The 1911 plat map shows the roads extended, with more settlers along them. The predecessor of highway 64 had been extended another mile to a community of Goodrich, with a sawmill and a school on the map, and a railroad entering from the south. That railroad was Upham Manufacturing's logging line coming up from Athens, by 1911 owned by the Copper River Land Co. Another wagon road followed the course of Martin Road north from 64 to the town line, with shorter roads branching off to the west. Settlers were filling in along all these. Another rural school had appeared along the south boundary of the town. Large chunks still remained unsettled, mostly owned by the Rib River Land Co.

==Demographics==
As of the census of 2010, there were 510 people, 188 households, and 144 families residing in the town. The population density was 14 people per square mile (5.4/km^{2}). There were 243 housing units at an average density of 6.7 per square mile (2.6/km^{2}). The racial makeup of the town was 99.8% White, and 0.2% from two or more races. Hispanic or Latino people of any race were 0.2% of the population

There were 188 households, out of which 31.4% had children under the age of 18 living with them, 66.5% were married couples living together, 4.8% had a female householder with no husband present, and 23.4% were non-families. 20.2% of all households were made up of individuals, and 22.9% had someone living alone who was 65 years of age or older. The average household size was 2.71 and the average family size was 3.11.

In the town, the population was spread out, with 24.5% under the age of 18, 7.25% from 18 to 24, 23.5% from 25 to 44, 33.1% from 45 to 64, and 11.6% who were 65 years of age or older. The median age was 40.6 years. For every 1 female there were 1.29 males. For every 1 female age 18 and over, there were 1.06 males.

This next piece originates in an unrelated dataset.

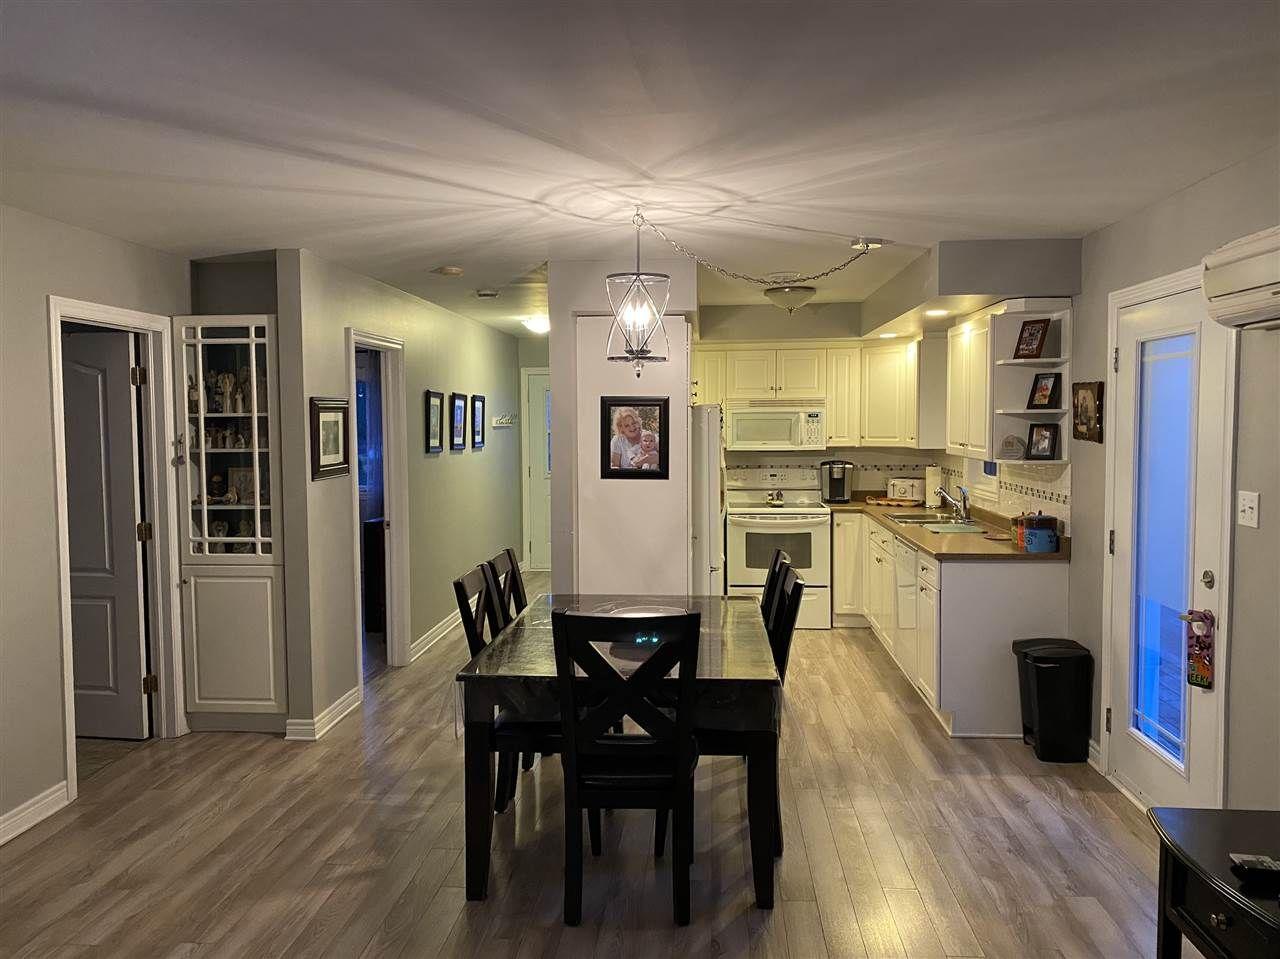 Photo 5: Photos: 7327 Main Street in Louisbourg: 206-Louisbourg Residential for sale (Cape Breton)  : MLS®# 202025505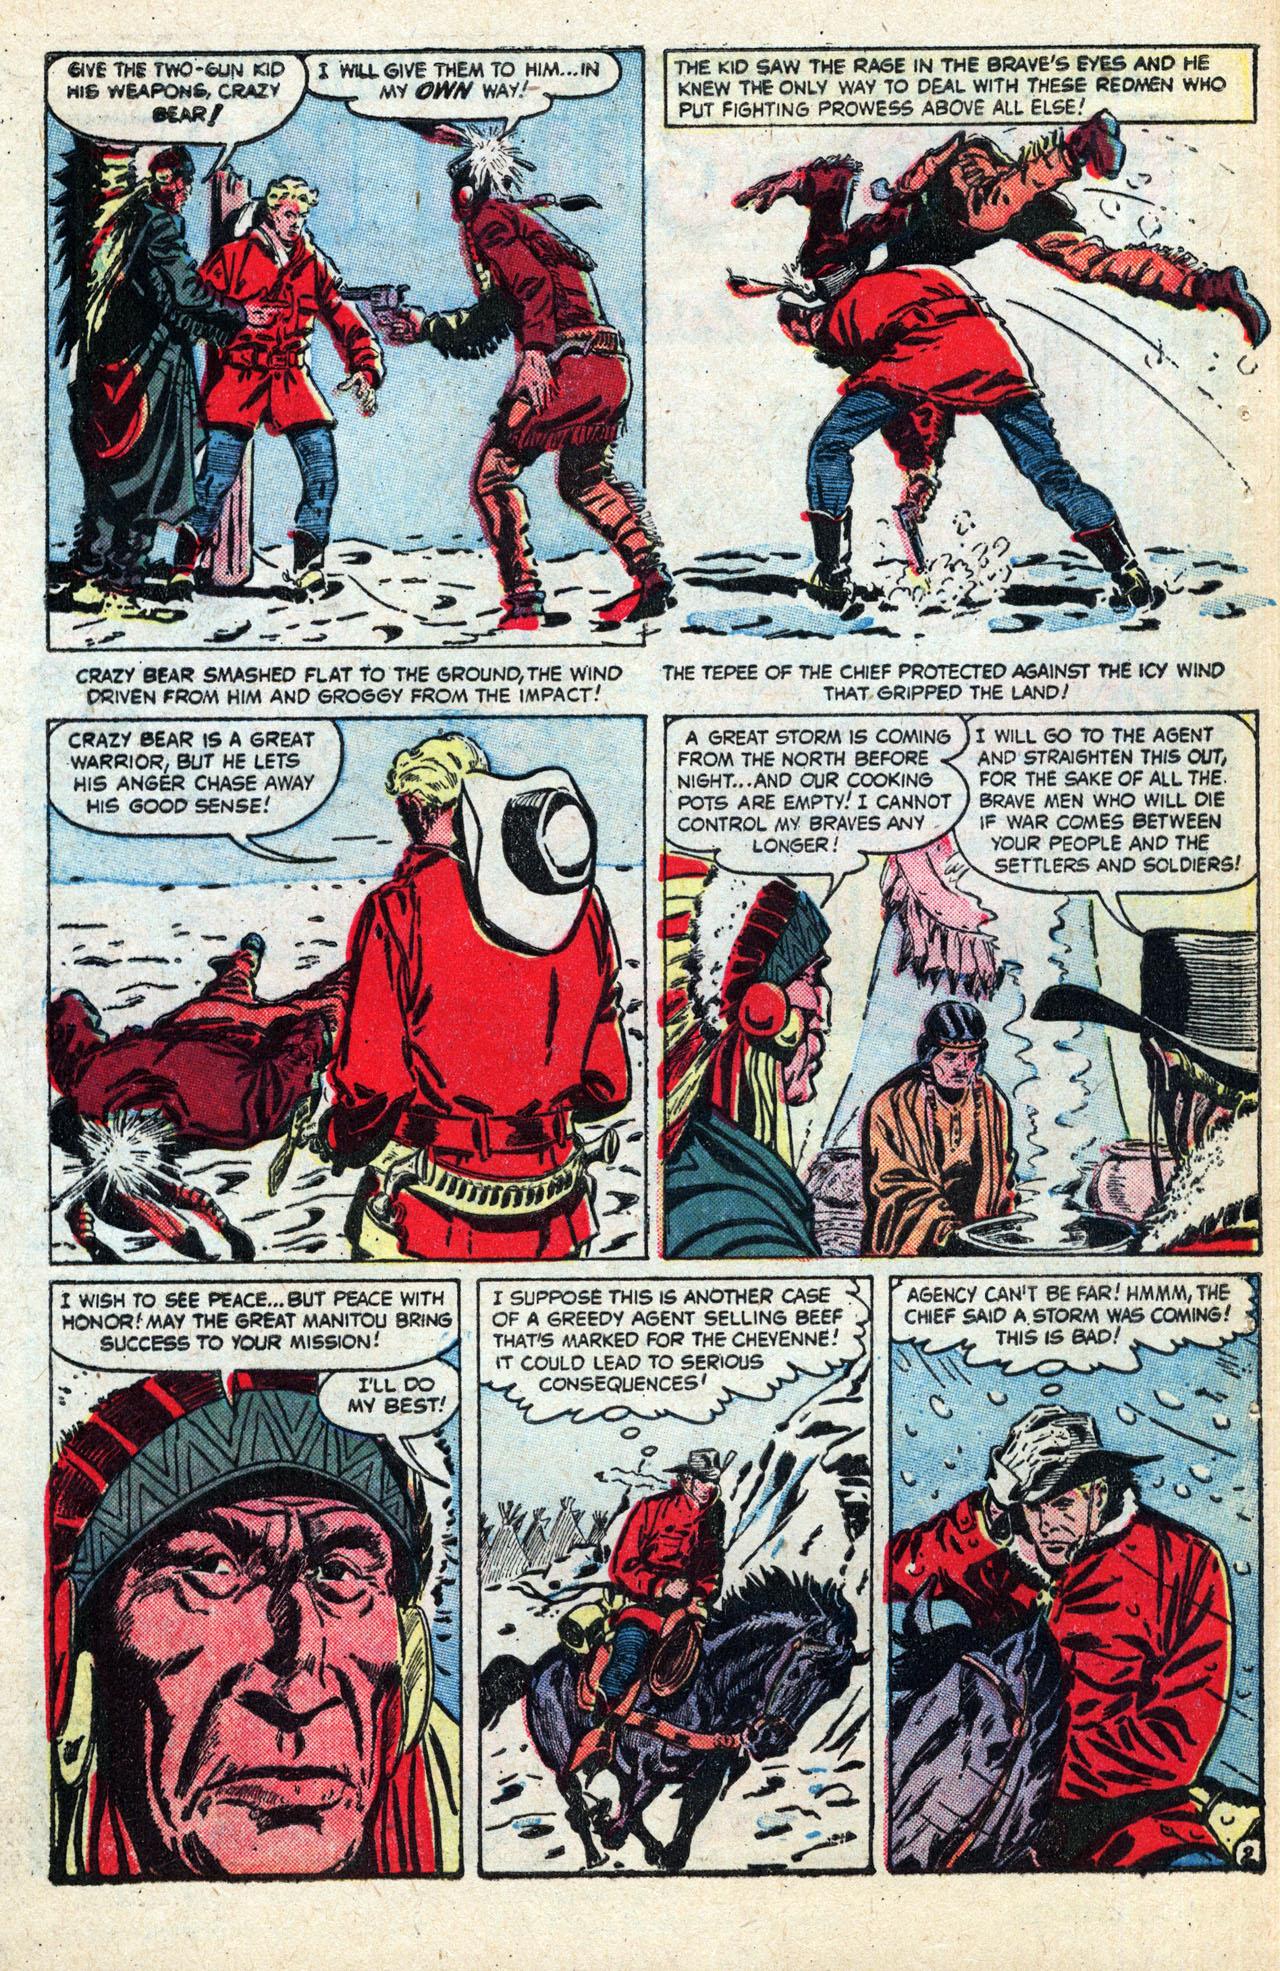 Read online Two-Gun Kid comic -  Issue #27 - 28

As of the census of 2000, The median income for a household in the town was $42,500, and the median income for a family was $45,000. Males had a median income of $27,788 versus $20,278 for females. The per capita income for the town was $16,724. About 8.8% of families and 10.3% of the population were below the poverty line, including 11.6% of those under age 18 and 18.7% of those age 65 or over.

== Religion ==
The Town of Goodrich has two churches, Goodrich Community Church and St. Andrew's Lutheran Church.